Dreyer's English
Page 18
CROCHET/CROTCHETY/CROTCHET
To do needlework with a crochet hook is to crochet. Crocheting is not knitting (neither is it tatting, which is the making of lace), and people who do either get peeved, or even crotchety, if you mix them up.
To be crotchety, then, is to be grouchy, cantankerous, prickly, tetchy.*14
One’s crotchets are one’s unreasonable notions or one’s eccentric habits. (As well: What we Americans call a quarter note, the Brits call a crotchet; the Brits have all kinds of interesting names for perfectly normal musical things.)
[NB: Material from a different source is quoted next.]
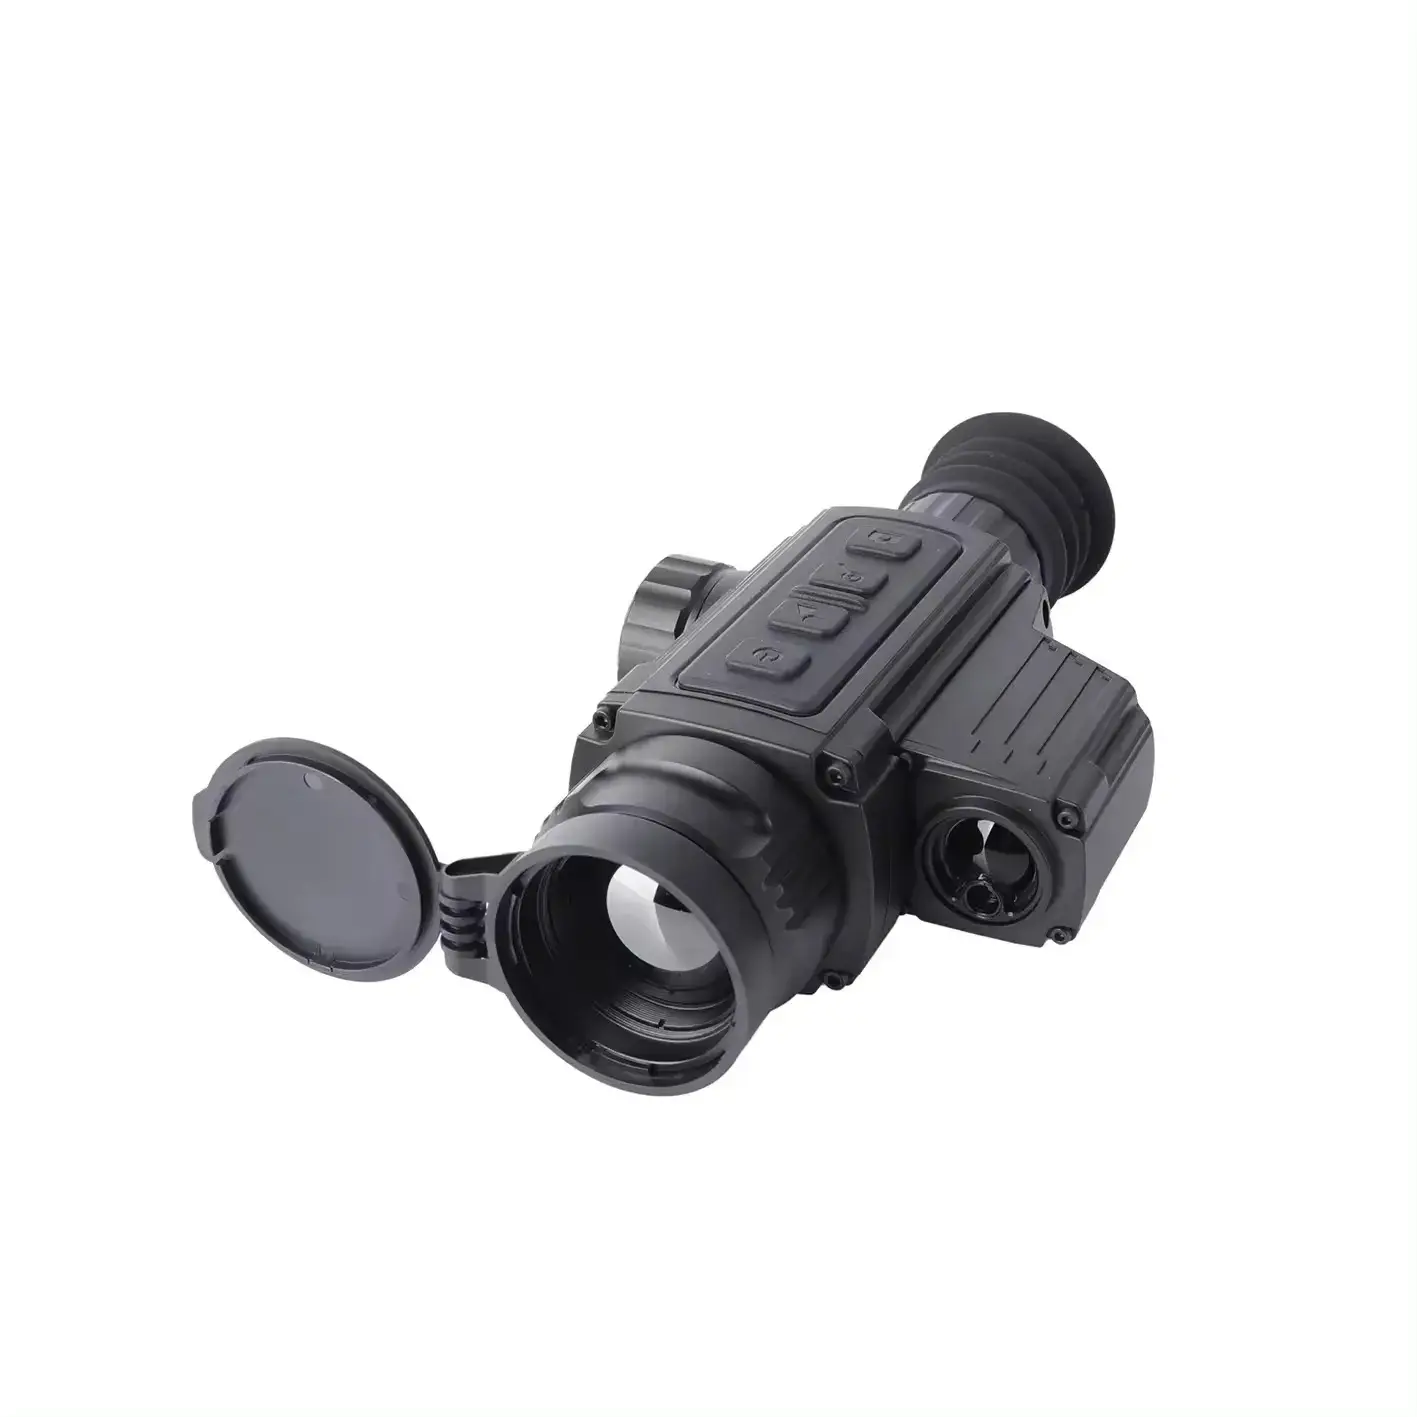 DT RS5 Series Thermal Scope

I note no widespread confusion between a salmon croquette and a game of croquet, so we’ll pass those by.
CUE/QUEUE
These two are not so alike in appearance, but confusion between them is, in my experience, on the rise.
A cue is a signal, as to an actor, to make an entrance, commence a speech, or perform some action. “You sockdologizing old man-trap,” a line in Tom Taylor’s 1858 comedy Our American Cousin, may be the most notorious cue in history, as the audience laughter it inspired was expected by John Wilkes Booth—an actor, but not in this particular play—to smother the sound of his gunshot as he assassinated Abraham Lincoln.
To cue is to give a cue. To take a cue is to model one’s behavior or actions on someone else’s.
A queue is a ponytail, often braided, of the sort traditionally worn by, among others, Chinese men. More commonly, a queue is a line of people waiting for something. (Did you know that a line of people walking in pairs is called a crocodile?) A queue is also the lineup of DVDs you have waiting for you at Netflix, if you happen to still watch DVDs.
To queue, then, is to get in line. This is often phrased “queue up,” which should not be confused with “cue up,” which is to get a thing ready to commence (as, say, a PowerPoint presentation or what older people would call a slide show).
“Queue” was, not long ago, a terribly British verb, and for Americans to say that they were “queuing up” for this or that was the height of pretension. I’m not certain when the term arrived in the United States, but it certainly seems to have its green card by now.
DAIRY/DIARY
You are unlikely to confuse their meanings; you may well confuse them while typing. Nuff, as they say, said.
DEFUSE/DIFFUSE
To defuse is, literally, to remove a fuse, as from a bomb, to keep it from blowing up. Figuratively, if you’re trying to calm down a roomful of ornery people, you’re defusing a thorny situation.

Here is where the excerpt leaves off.